Start of Data provided

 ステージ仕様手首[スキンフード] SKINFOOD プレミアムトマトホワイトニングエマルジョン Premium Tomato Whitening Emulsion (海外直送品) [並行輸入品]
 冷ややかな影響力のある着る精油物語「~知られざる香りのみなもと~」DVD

End of Data provided
Start of Data provided

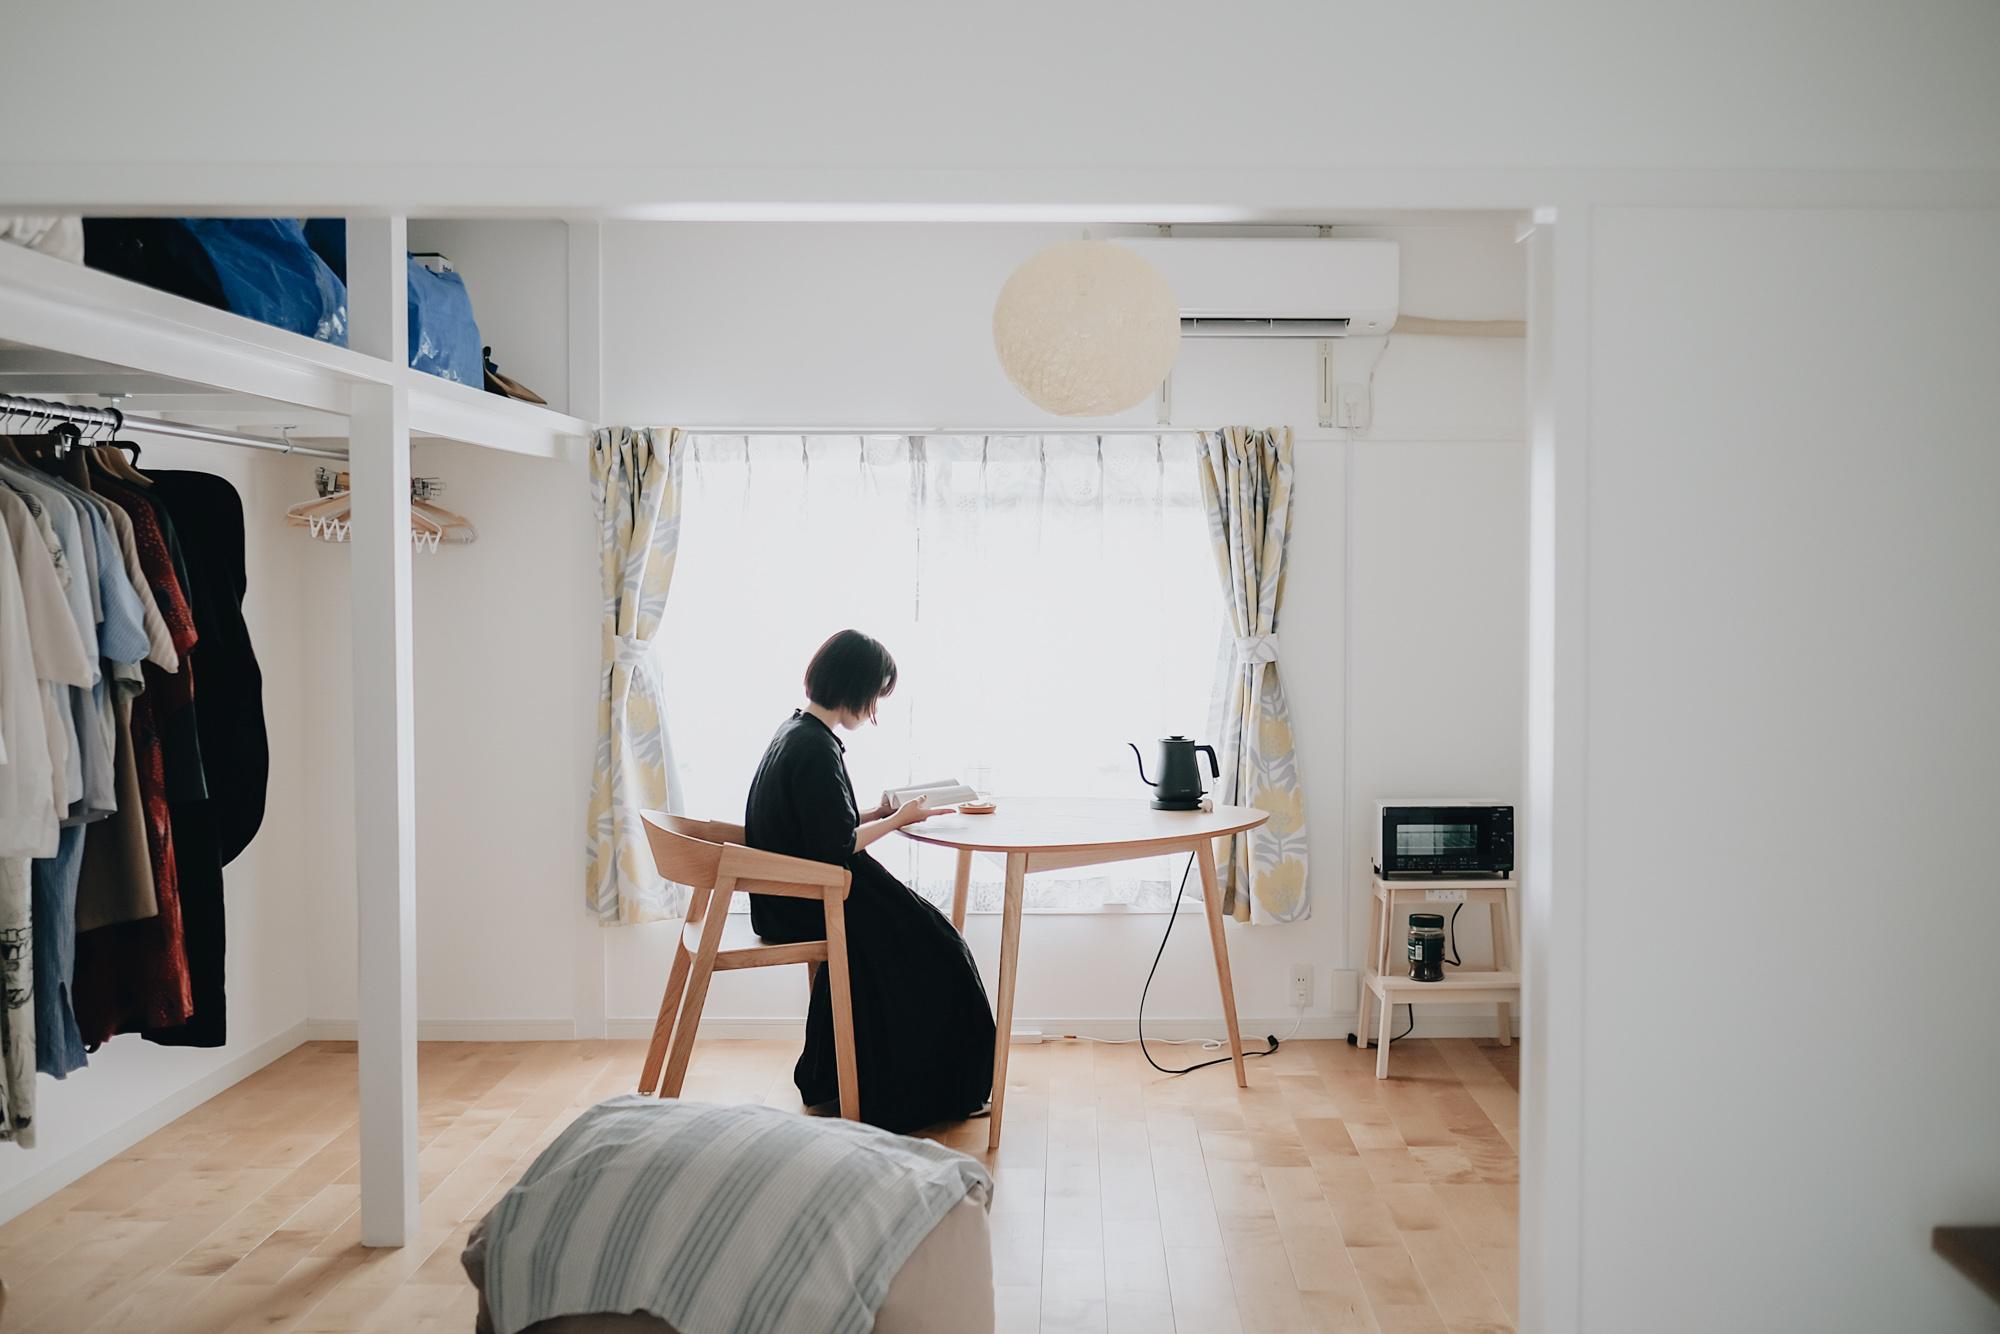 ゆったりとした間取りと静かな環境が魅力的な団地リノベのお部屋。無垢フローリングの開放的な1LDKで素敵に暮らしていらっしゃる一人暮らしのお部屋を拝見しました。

End of Data provided

Return a word-for-word copy of the lines above from the one holding "ステージ仕様手首[スキンフード] SKINFOOD プレミアムトマトホワイトニングエマルジョン" through the one holding "冷ややかな影響力のある着る精油物語「~知られざる香りのみなもと~」DVD", with both of them included and nothing besides.

 ステージ仕様手首[スキンフード] SKINFOOD プレミアムトマトホワイトニングエマルジョン Premium Tomato Whitening Emulsion (海外直送品) [並行輸入品]
 冷ややかな影響力のある着る精油物語「~知られざる香りのみなもと~」DVD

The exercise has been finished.